In PHP 5.2, we now have filter_var() and related functions that did not exist previously.

These functions _may_ be able to replace the following Drupal 6 functions.

filter_xss*()
check_plain()
check_url()
check_markup()
valid_email_address()
valid_url()

See http://us.php.net/manual/en/book.filter.php.

We need new functions and tests to confirm that we can use the PHP standard functions, which will improve DX by removing Drupal-specific code that is no longer needed.

Comments

sun’s picture

Issue tags: +DrupalWTF

Adding to the mixture of function names:

- drupal_validate_utf8()
- drupal_valid_http_host()

Similar, so potentially also:

- drupal_query_string_encode()
- _fix_gpc_magic()
- _fix_gpc_magic_files()
- drupal_urlencode()
- drupal_valid_token()

Note that

- check_file()

does not really belong into that list, but shares the same prefix.

sun’s picture

Also note that we're already using filter_var() in http://api.drupal.org/api/function/valid_email_address/7

agentrickard’s picture

Weird.

So my first question is: Do we want Drupal-specific wrapper functions in future?

sun’s picture

I'm inclined to say "yes", because

- if all validation and sanitation functions use a common prefix and function name pattern = better DX

- if we rely on PHP's own filter functions for some, but not for others = bad DX

- PHP's own filter functions require developers to know and use cryptic flags and options, so there is no guaranteed standard = bad for security.

catch’s picture

Subscribe. check_plain() and drupal_validate_utf8() take up a lot of time on some page requests (more than 10% of the entire request sometimes). Good to explore other options.

damien tournoud’s picture

Status: Active » Closed (won't fix)

Let's study this quickly and close this issue:

  • filter_xss*(): there is no XSS-filtering in core PHP
  • check_plain(): there is no direct equivalent (our function also prevent invalid UTF-8 from slipping thru), the encoding part would be filter_var($var, FILTER_SANITIZE_SPECIAL_CHARS), which has no added value compared to the htmlentities() equivalent... (by the way, I have no idea which kind of encoding filter_var() supports... maybe it is local dependent? It doesn't seems to be documented)
  • check_url(): no equivalent (there is a FILTER_SANITIZE_URL, but it doesn't protect against evil URLs)
  • check_markup(): no equivalent (obviously), this function is misnamed on Drupal end
  • valid_email_address(): #308138: Make valid_email_address() support IDNs changed that to use FILTER_VALIDATE_EMAIL, but it hasn't proven to be such a good idea, see the issue for discussion
  • valid_url(): was studied in #308977: Replace valid_url with filter_var and FILTER_VALIDATE_URL, and rejected

About others pointed out by sun:

  • drupal_validate_utf8(): I'm not aware of any other way to do this, even if the hack that we use right now is not really full-proof
  • drupal_valid_http_host(): PHP has a FILTER_VALIDATE_IP, but no FILTER_VALIDATE_HOST
  • drupal_query_string_encode(): this one is a smart, recursive query string encoder, no equivalent in PHP
  • _fix_gpc_magic() / _fix_gpc_magic_files(): I think we should drop that completely. But of course that's a separate issue.
  • drupal_urlencode(): needs discussion. Was required at a time for the path part of the URL, but we could probably drop that now (see #298498: Drupal assumes mod_rewrite bugs which are not there and #310139: drupal_query_string_encode() should not call drupal_urlencode())
  • drupal_valid_token(): this is not an input validation function.
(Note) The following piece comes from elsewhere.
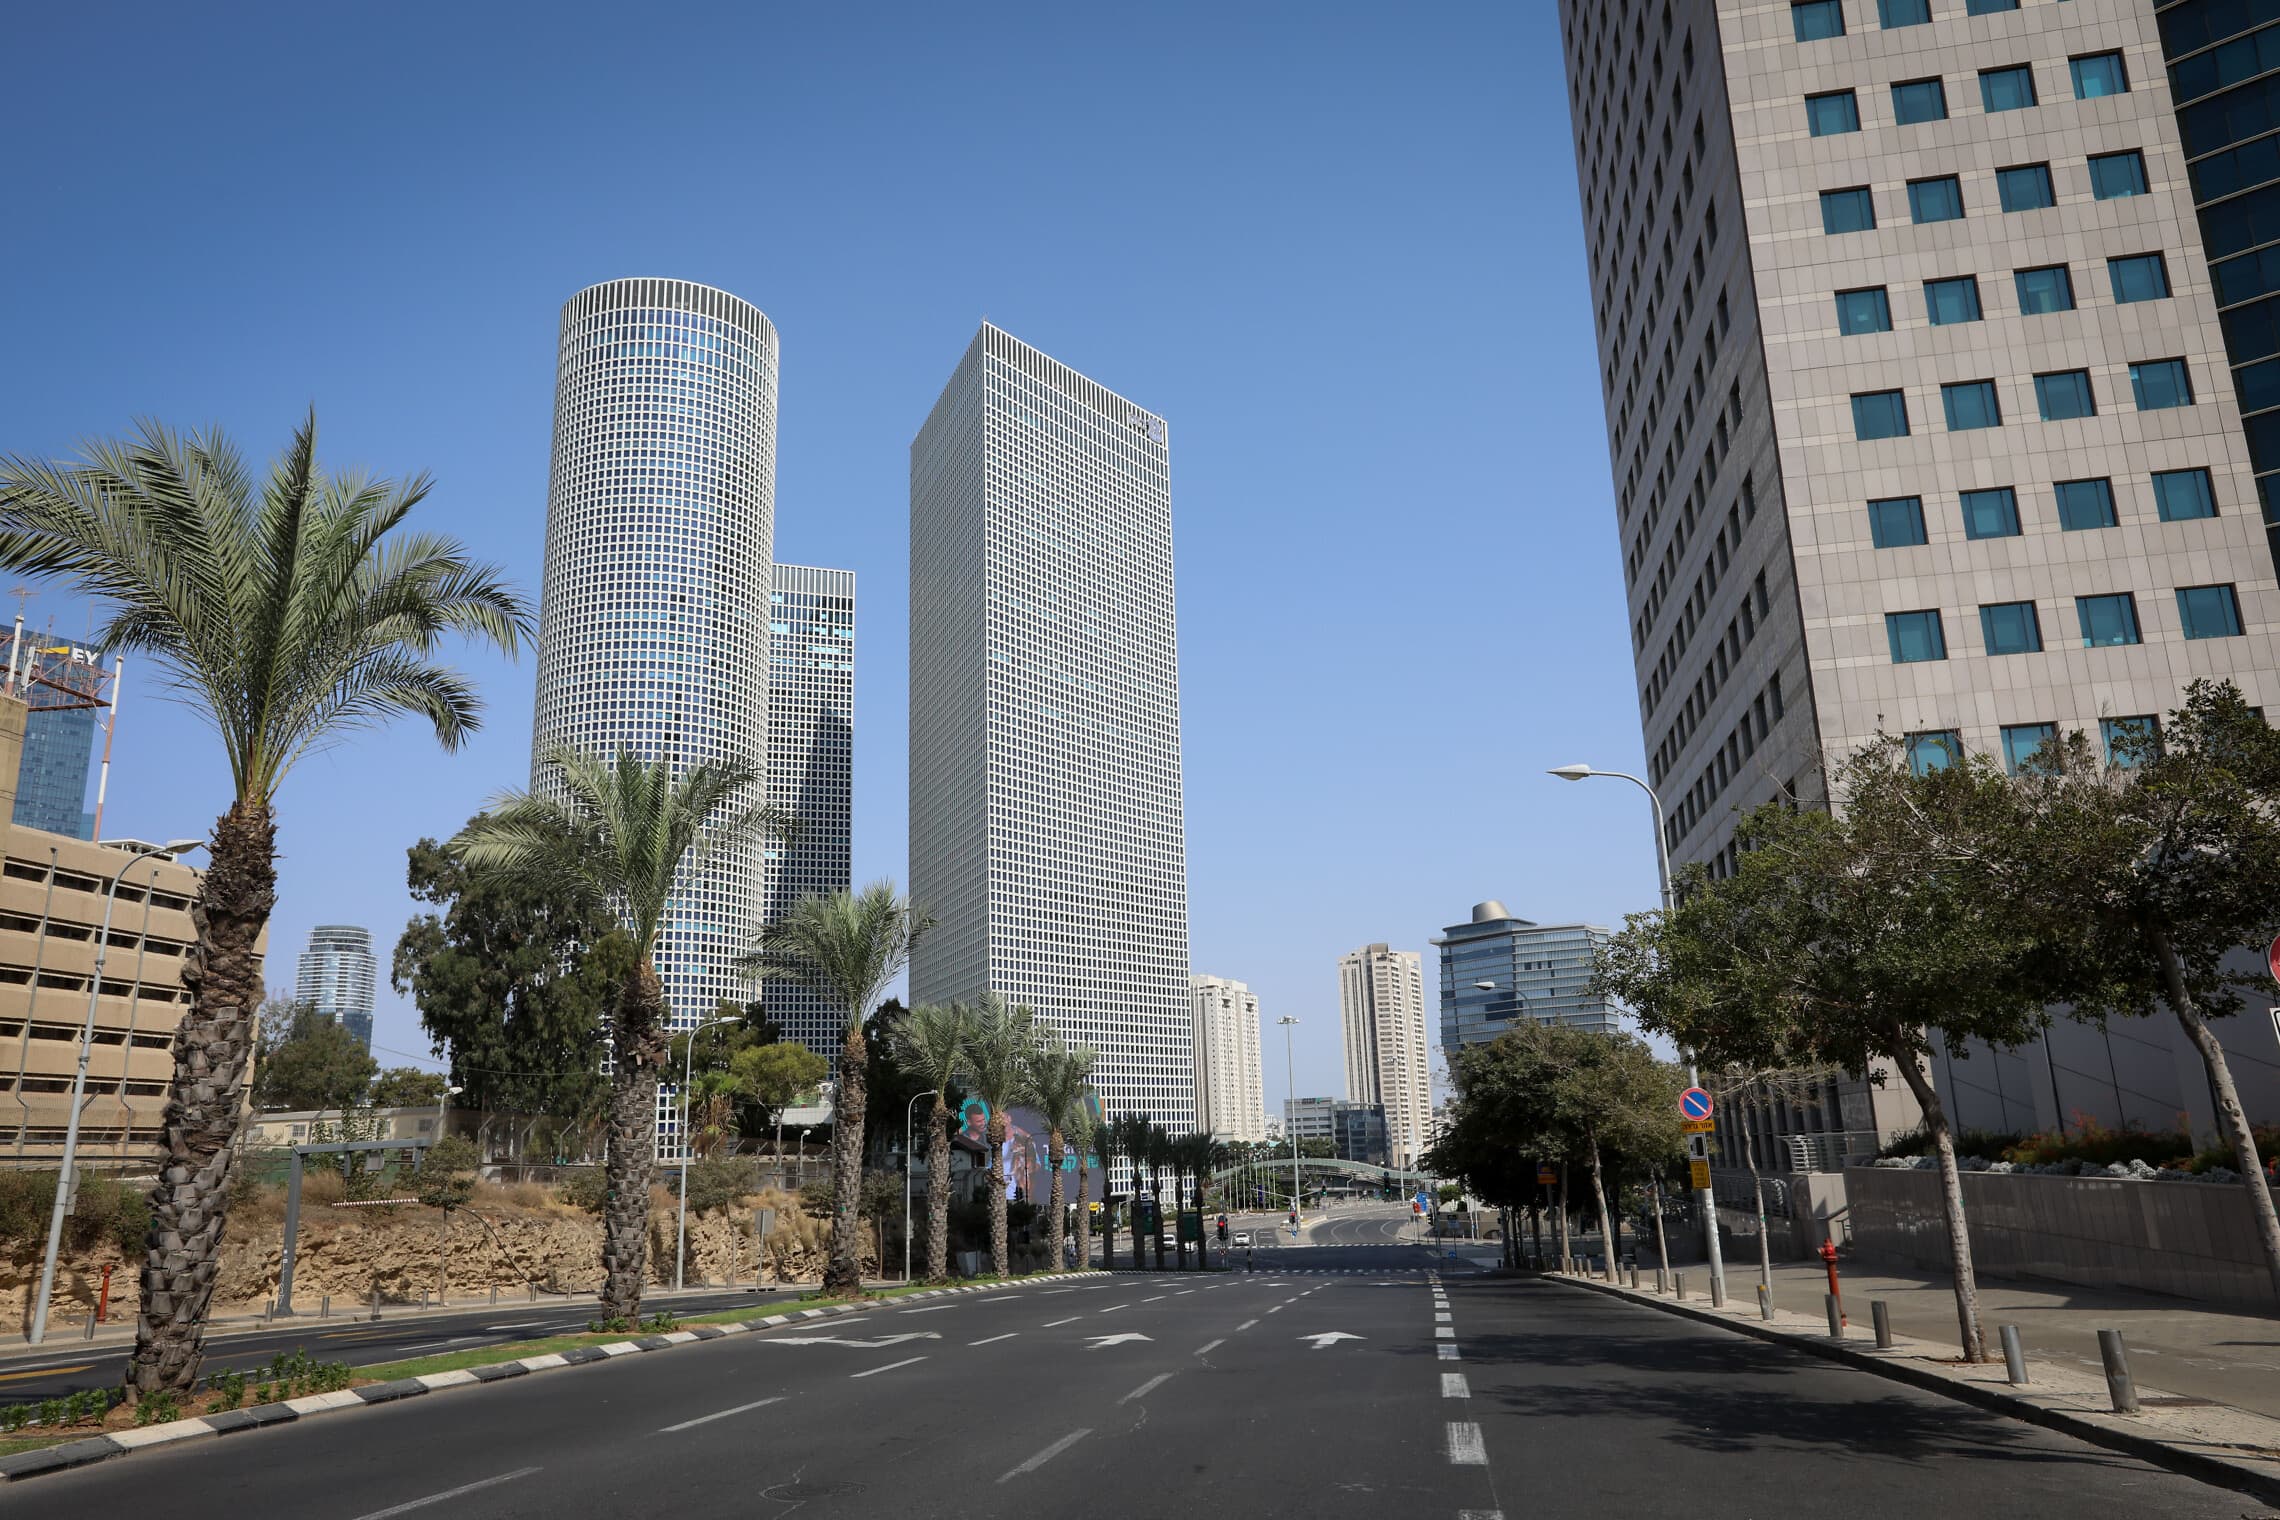 מגדלי עזריאלי משקיפים על הרחובות הריקים של תל אביב במהלך הסגר השני, 20 בספטמבר 2020 (צילום: מנחם לדרמן/פלאש90)

All in one, I see no patterns there. Closing this issue, let's discuss some potential refactoring separately.

agentrickard’s picture

Nice to have this all in one place. sun and I were having a separate IRC conversation and were not aware.

sun’s picture

joshmiller’s picture

Issue tags: -DrupalWTF

Cleaning up DrupalWTF list... Since this is a duplicate, removing tag...